Egypt: Human rights lawyer jailed for four years for ‘spreading false news’
Human rights lawyer Mohamed el-Baqer has been sentenced to four years’ imprisonment in Egypt following a widely-criticised trial.
Mr el-Baqer was tried alongside blogger Alaa Abdel Fattah and journalist Mohamed ‘Oxygen’ Ibrahim before Egypt’s controversial Emergency State Security Court (ESSC), whose sentences cannot be appealed.
The three men were convicted of “spreading false news undermining national security”, having been held in pre-trial detention since September 2019, Middle East Eye reports.
The ESSC was established during the state of emergency declared in Egypt in 2017. The state of emergency was lifted in October 2021, but the court retains jurisdiction to complete the cases already before it.
The International Commission of Jurists (ICJ) has warned of breaches of fair trial rights in the ESSC and has accused the Egyptian government of “weaponising the Emergency State Security system to crush free expression and dissent”.

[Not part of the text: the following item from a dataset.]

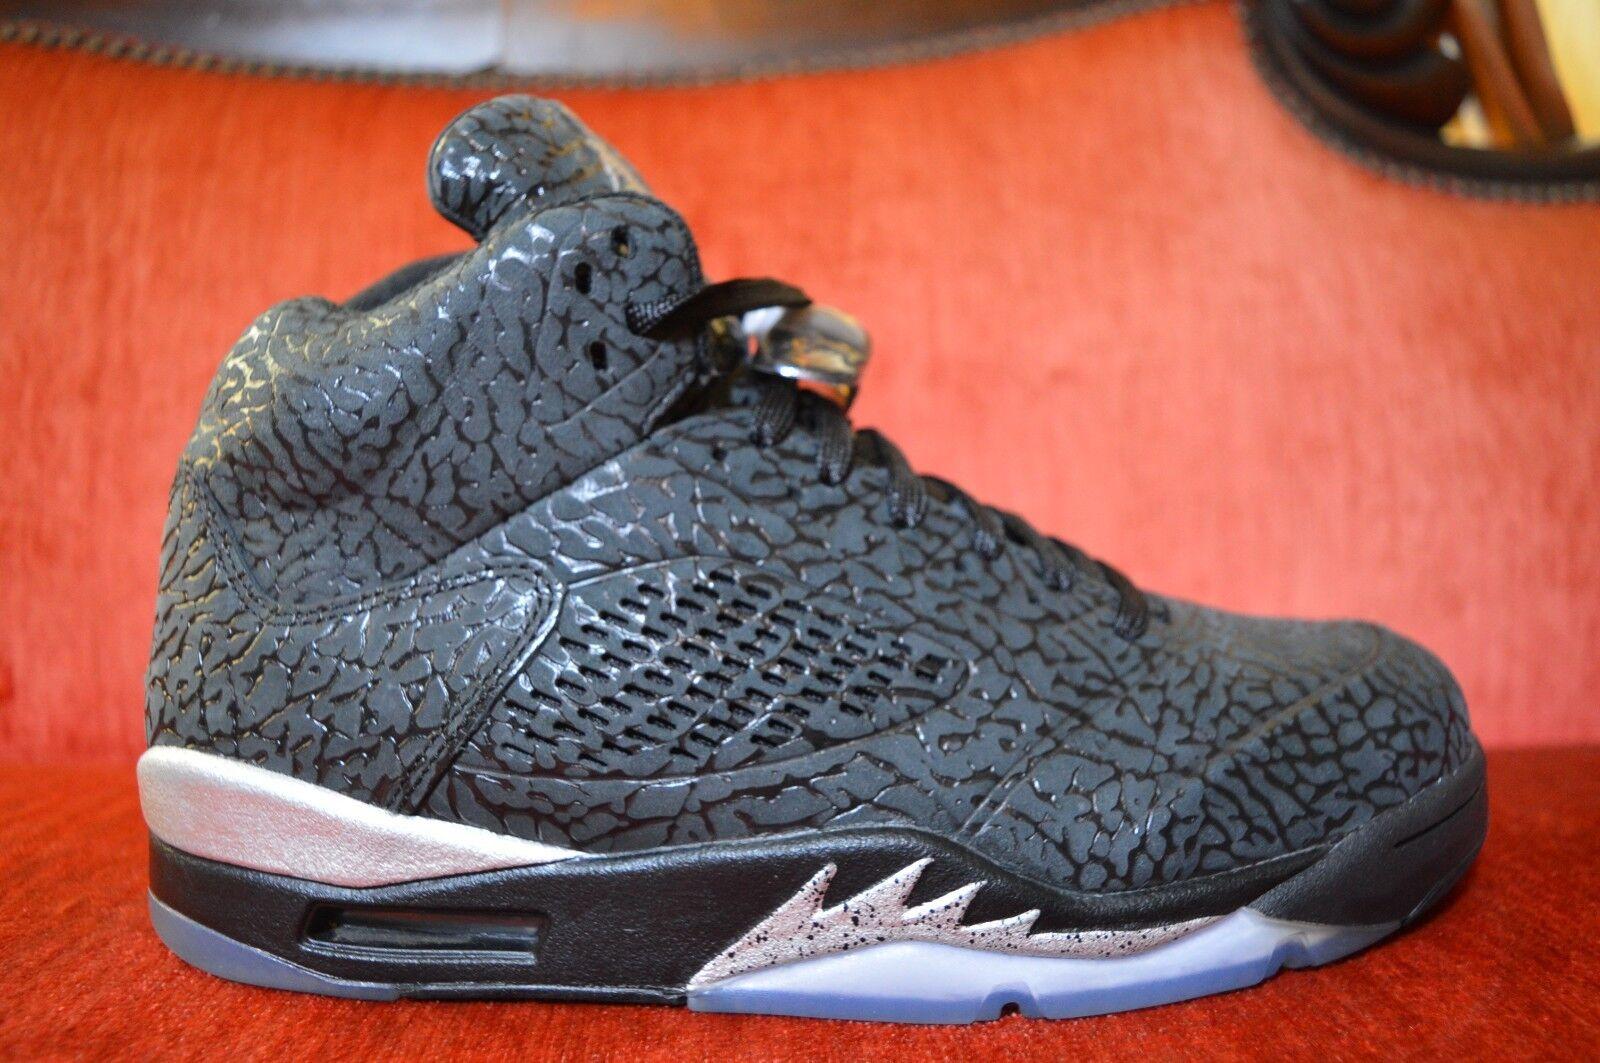 Nike Air Jordan 5 Retro 3Lab5 Black Elephant Silver V Size 9.5 2014 599581-003
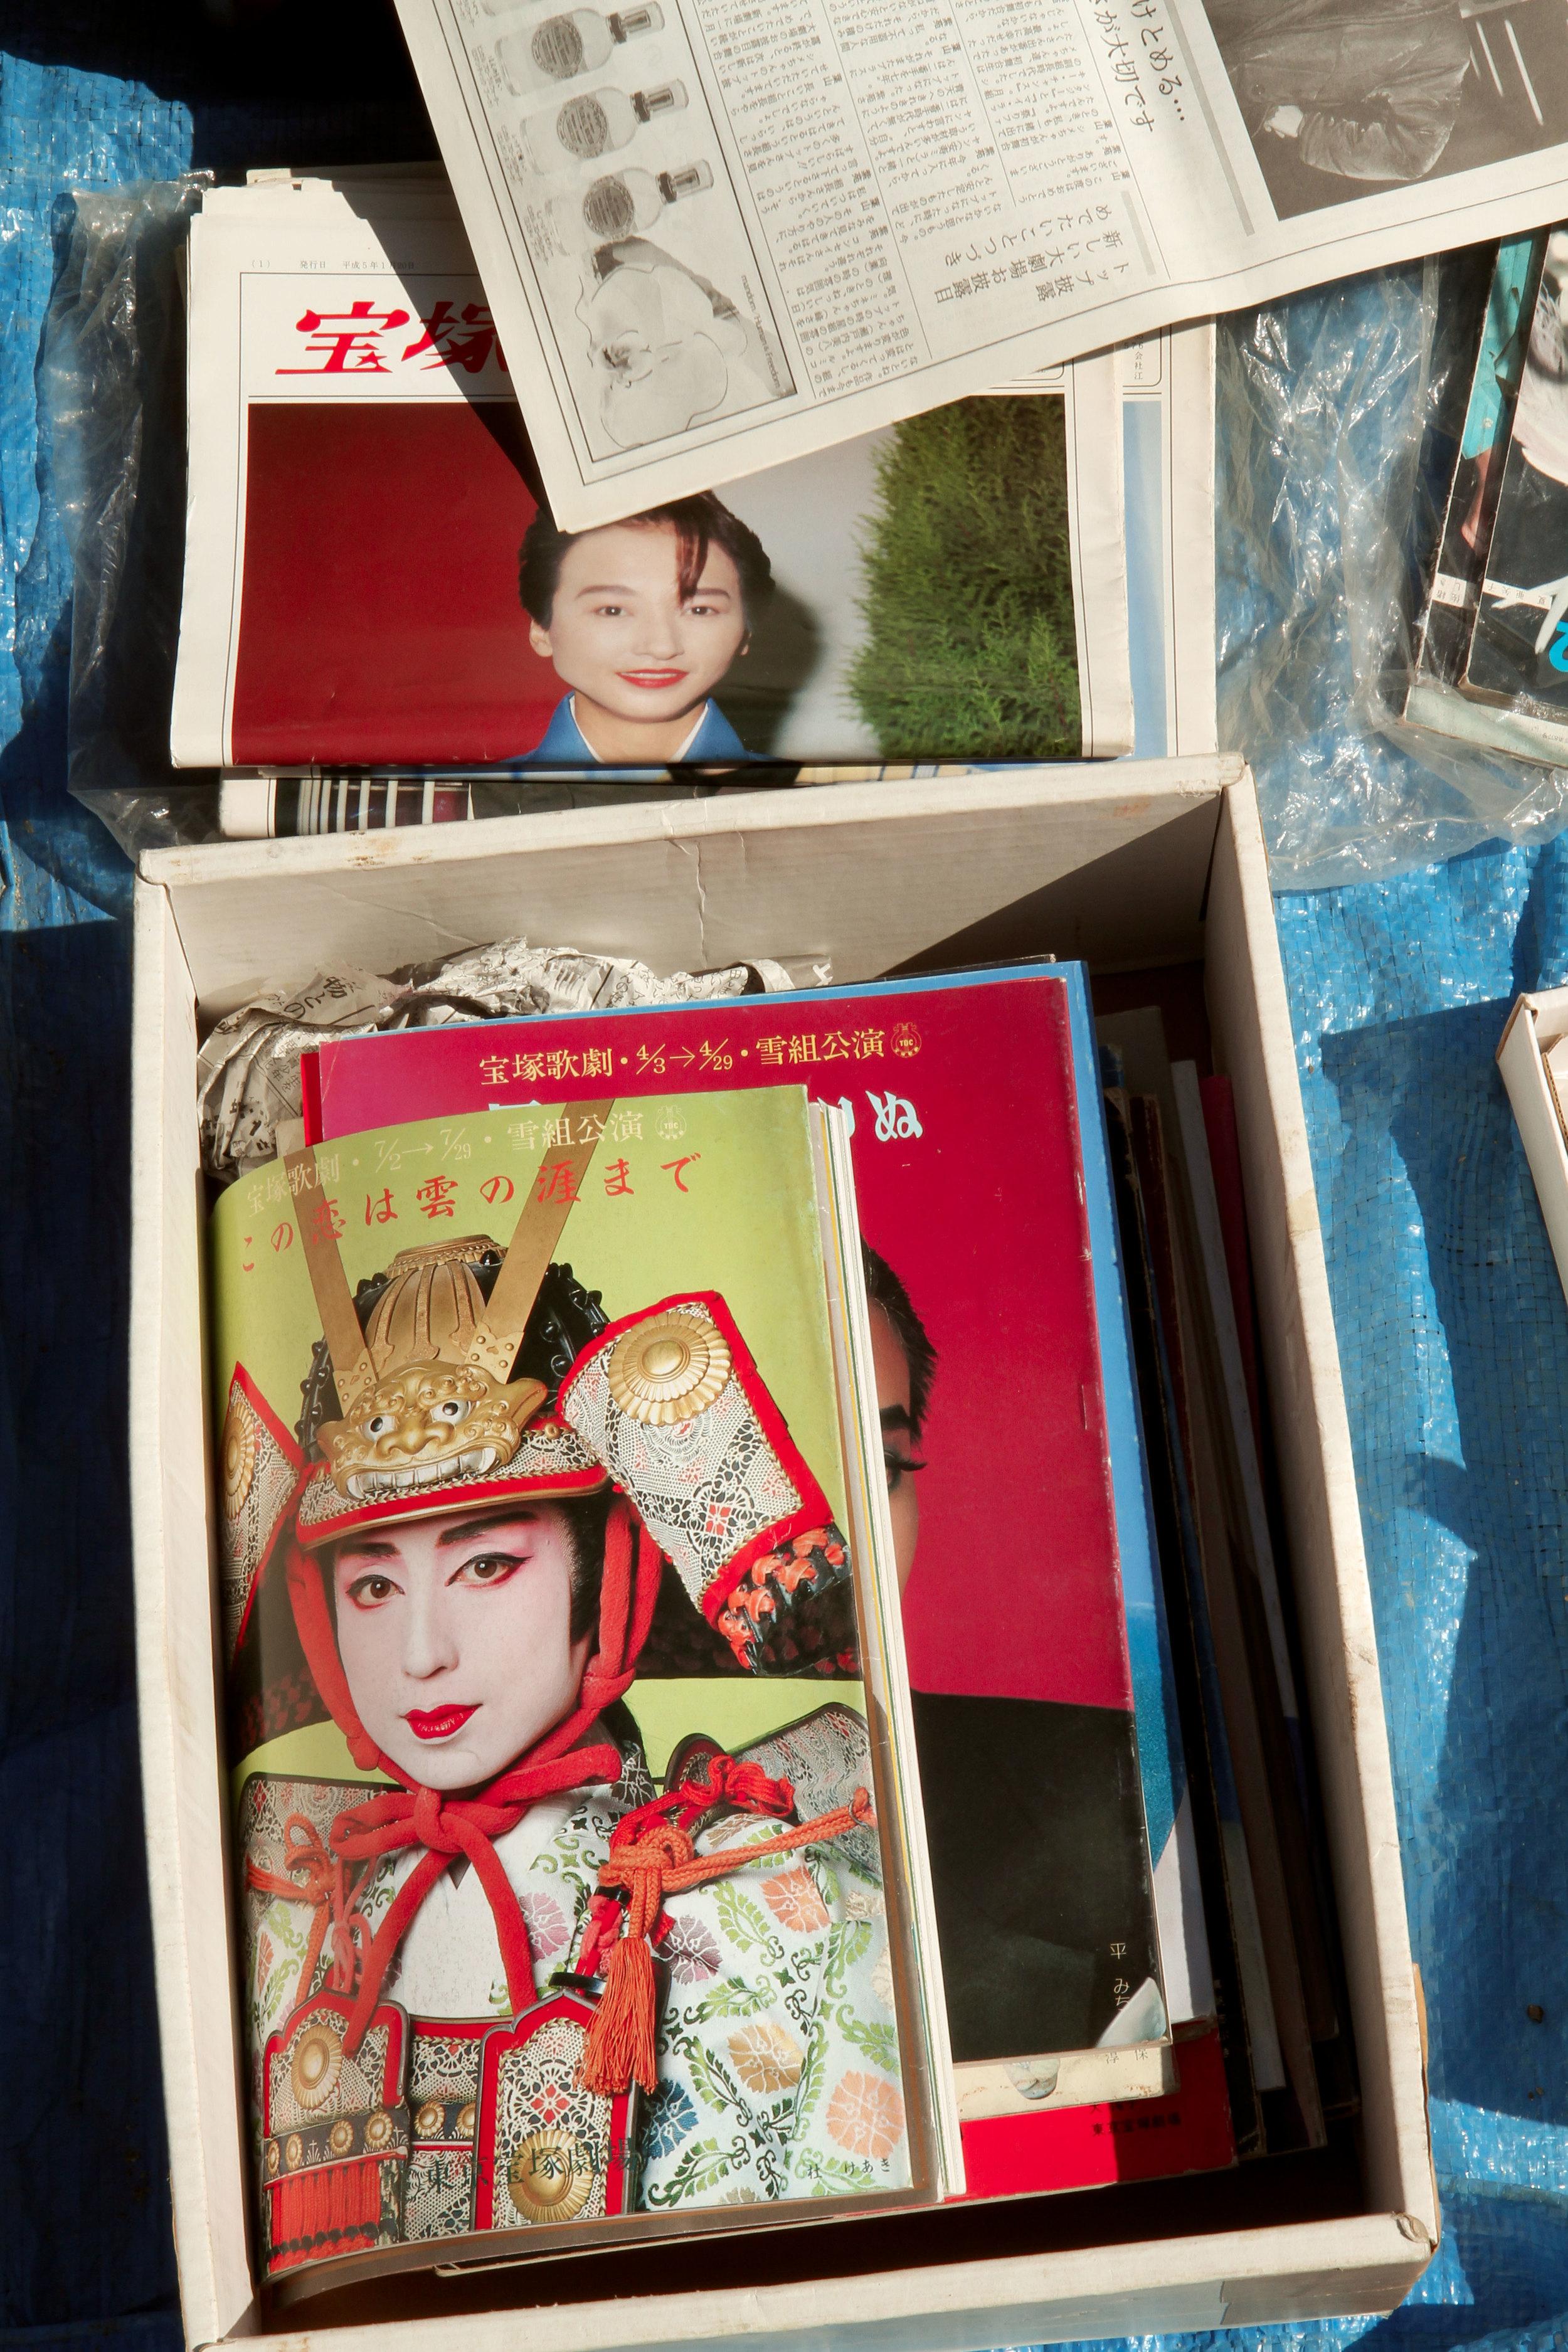 Magazines-at-Flee-Market.jpg

Ahmed Mefreh, director of the Geneva-based Committee for Justice, told Middle East Eye: “Today’s ruling reflects the Sisi regime’s targeting of three types of critics in the country: political activists who supported the 2011 revolution, represented in Alaa Abdel Fattah, human rights defenders represented by Baqer, and journalists and free speech advocates like Oxygen.”